Figure 1: Sample workflow diagram

It is important to create one or more diagrams such as this to document the workflow through one's system. This diagram provides a visual representation of the system, which clearly shows how data flows through the processing jobs, as well as all dependencies.

In this diagram, External Data is a type of external dependency. An external dependency is a dependency that is fulfilled external to the workflow (and maybe even the system). It is not uncommon for external dependencies to be fulfilled by processes completely external to the cluster on which Moab is running. Consequently, it is very important to clearly identify such dependencies, as special steps must be taken for Moab to be alerted when these dependencies are fulfilled.

Once all of the business processes have been succinctly described and diagrammed, it is possible to continue with the conversion process. The next step is to inventory the available resources. It is also at this point that the pairing of resources and workflow tasks is done.

5.2 Inventory of Resources

At the most basic level, Moab views the world as a group of resources onto which reservations are placed, managed, and optimized. It is aware of a large number of resource types, including a customizable generic resource that can be used to meet the needs of even the most complex data center or HPC center. Resources can be defined as software licenses, database connections, network bandwidth, specialized test equipment or even office space. However, the most common resource is a compute node.

5.2.1 Moab Node Structure

During the transition to Moab, the administrator must make an inventory of all relevant resources and then describe them to Moab. Because the approach with Moab is different than the traditional data center paradigm, this section will focus on the configuration of compute nodes. Figure 2 shows a basic view of Moab node structure.

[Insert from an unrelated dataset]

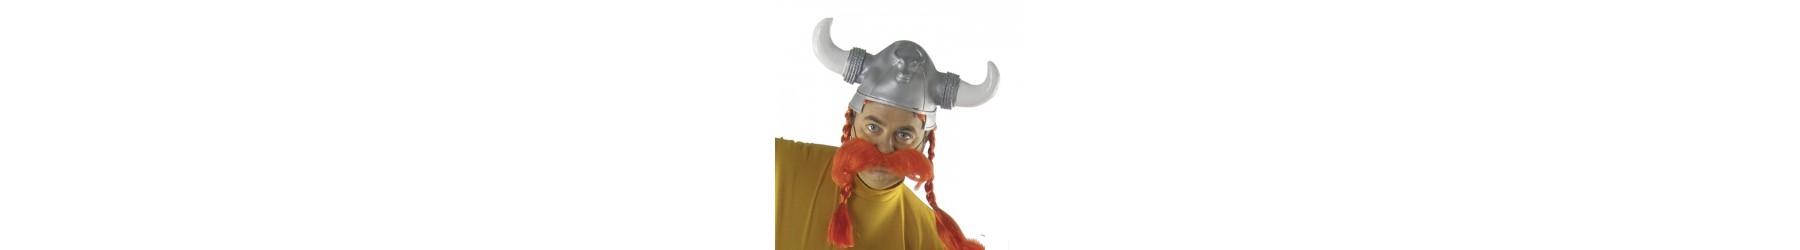 Αποκριάτικα Καπέλα χαρακτήρων για θεματικές επιλογές

Figure 2: Moab node structure

All clusters have a head node, which is where Moab resides. It is from this node that all compute jobs are farmed out to the compute nodes. These compute nodes need not be homogeneous. In Figure 2 depicts a heterogeneous cluster where the different colors represent different compute node types (architecture, processors, memory, software, and so forth).

5.2.2 Defining Nodes in Moab

Moab interacts with the nodes through one or more resource managers. Common resource managers include TORQUE, SLURM, LSF, LoadLeveler and PBS. In general, the resource manager will provide Moab with most of the basic information about each node for which it has responsibility. This basic information includes number of processors, memory, disk space, swap space and current usage statistics. In addition to the information provided by the resource manager, the administrator can specify additional node information in the moab.cfg file. Following is an extract from the moab.cfg file section on nodes. Because this is a simple example, only a few node attributes are shown. However, a large number of possible attributes, including customizable features are available. Additional node configuration documentation is available.

NODECFG[Node01] ARCH=ppc OS=osx
NODECFG[Node02] ARCH=ppc OS=osx
NODECFG[Node07] ARCH=i386 OS=suse10
NODECFG[Node08] ARCH=i386 OS=suse10
NODECFG[Node18] ARCH=opteron OS=centos CHARGERATE=2.0
NODECFG[Node19] ARCH=opteron OS=centos CHARGERATE=2.0

In the above example, there are six nodes. The architecture and operating system is specified on all of these. However, the administrator has enabled a double charge rate for jobs that are launched on the last two. This is used for accounting purposes.

Node attributes are considered when a job is scheduled by Moab. For example, if a specific architecture is requested, the job will only be scheduled on those nodes that have the required architecture.

5.2.3 Mapping Workflow Requirements to Resources

Once relevant resources have been configured in Moab, it is necessary to map the different stages of the workflow to the appropriate resources. Each compute stage in the workflow diagrams needs to be mapped to one or more required resource. In some cases, specifying "No Preference" is also valid, meaning it does not matter what resources are used for the computation. This step also provides the opportunity to review the workflow diagrams to ensure that all required resources have an appropriate mapping in Moab.

5.3 Defining Job Groups

With the completed workflow diagrams, it is possible to identify functional groups. Functional groups can be demarcated along many different lines. The most important consideration is whether the jobs will need to share information amongst themselves or represent internal dependencies. These functional groups are known as job groups. Job groups share a common name space wherein variables can be created, allowing for communication among the different processes.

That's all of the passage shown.